Parking on the Street - One question I often get is "can the HOA prevent me from parking on the street in front of my house?" HOA’s have no authority outside their purview and that includes any public streets that may exist both in or out of the development. However, be careful to make sure your streets are in fact public and not privately owned before you stand up against a bully from the HOA. Most developers buy the land, build infrastructure (including roads, access to power, water, etc.) and may or may not turn those roads over to a municipality at some future point. Most towns, cities, counties and state governments will not accept or transfer ownership of roads in a development that has limited access (like a gated community). So, if your community is gated, chances are the roads are privately owned and maintained by the developer or HOA. If that is the case, he that owns the land makes the rules and the HOA can enforce rules and regulations regarding the use of that land. However, if the developer does not restrict access to the development and it is in fact open to the public and they have turned ownership of the roads and infrastructure over to a municipality, then that municipality establishes the rules and regulations for its use.

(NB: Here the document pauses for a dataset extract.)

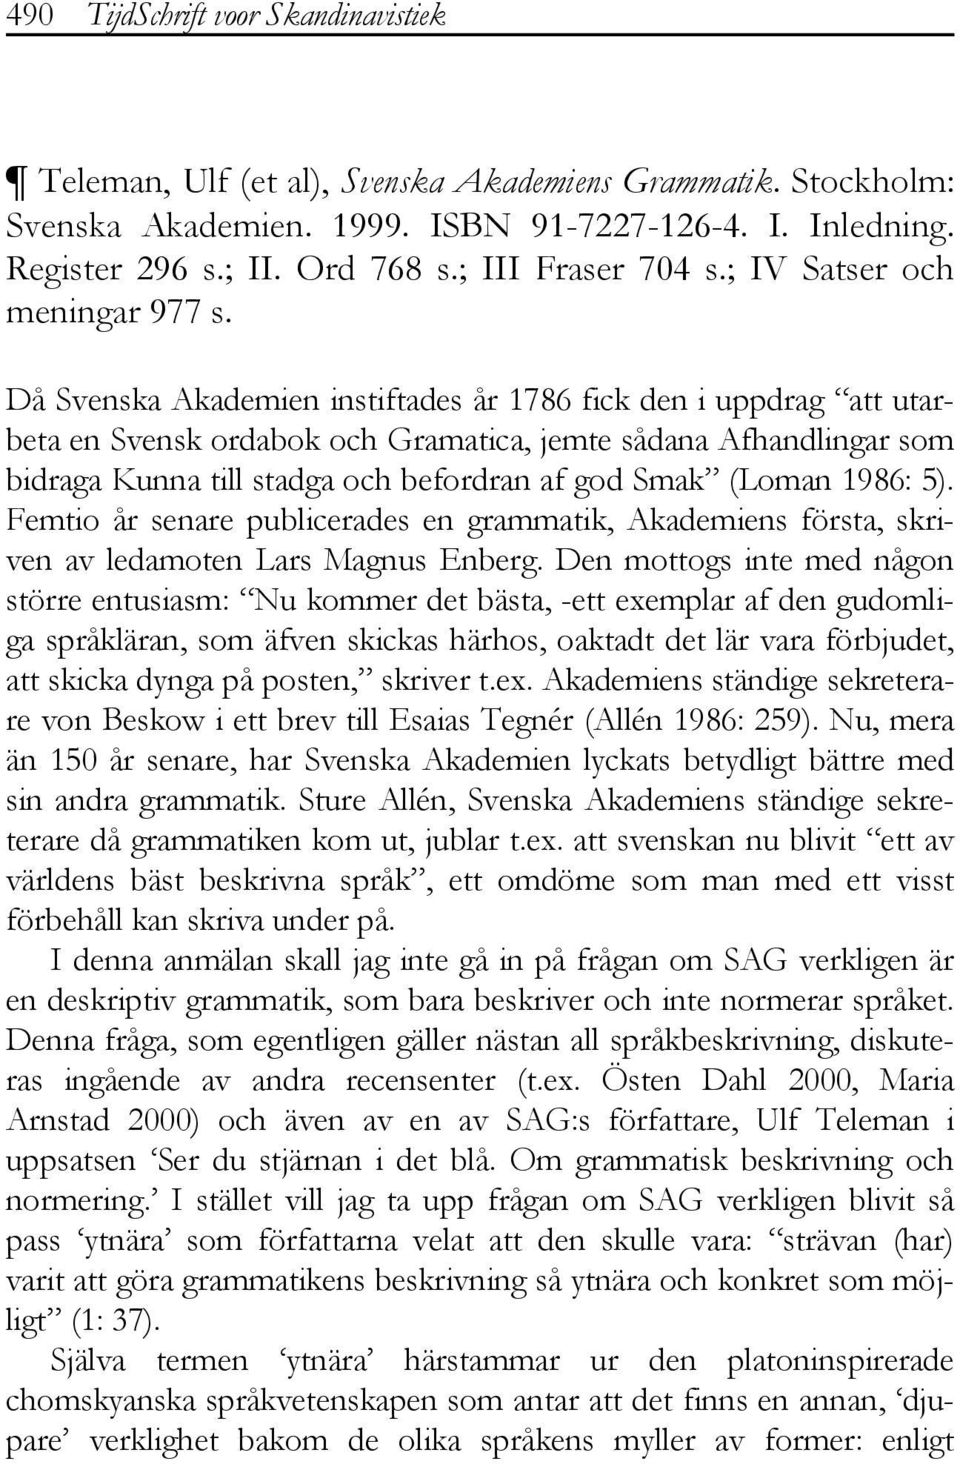 Då Svenska Akademien instiftades år 1786 fick den i uppdrag att utarbeta en Svensk ordabok och Gramatica, jemte sådana Afhandlingar som bidraga Kunna till stadga och befordran af god Smak (Loman

Disclaimer: This article was written by Joe Folsom, a licensed Broker/Realtor in Georgia and Tennessee. I am not an Attorney and do not offer legal advice in any way. This article is intended to provide information based on my many years of experience and knowledge of the Real Estate Market but in no way is offered as legal advice. Please consult an Attorney in your state to verify any laws that may or may not impact the information provided here.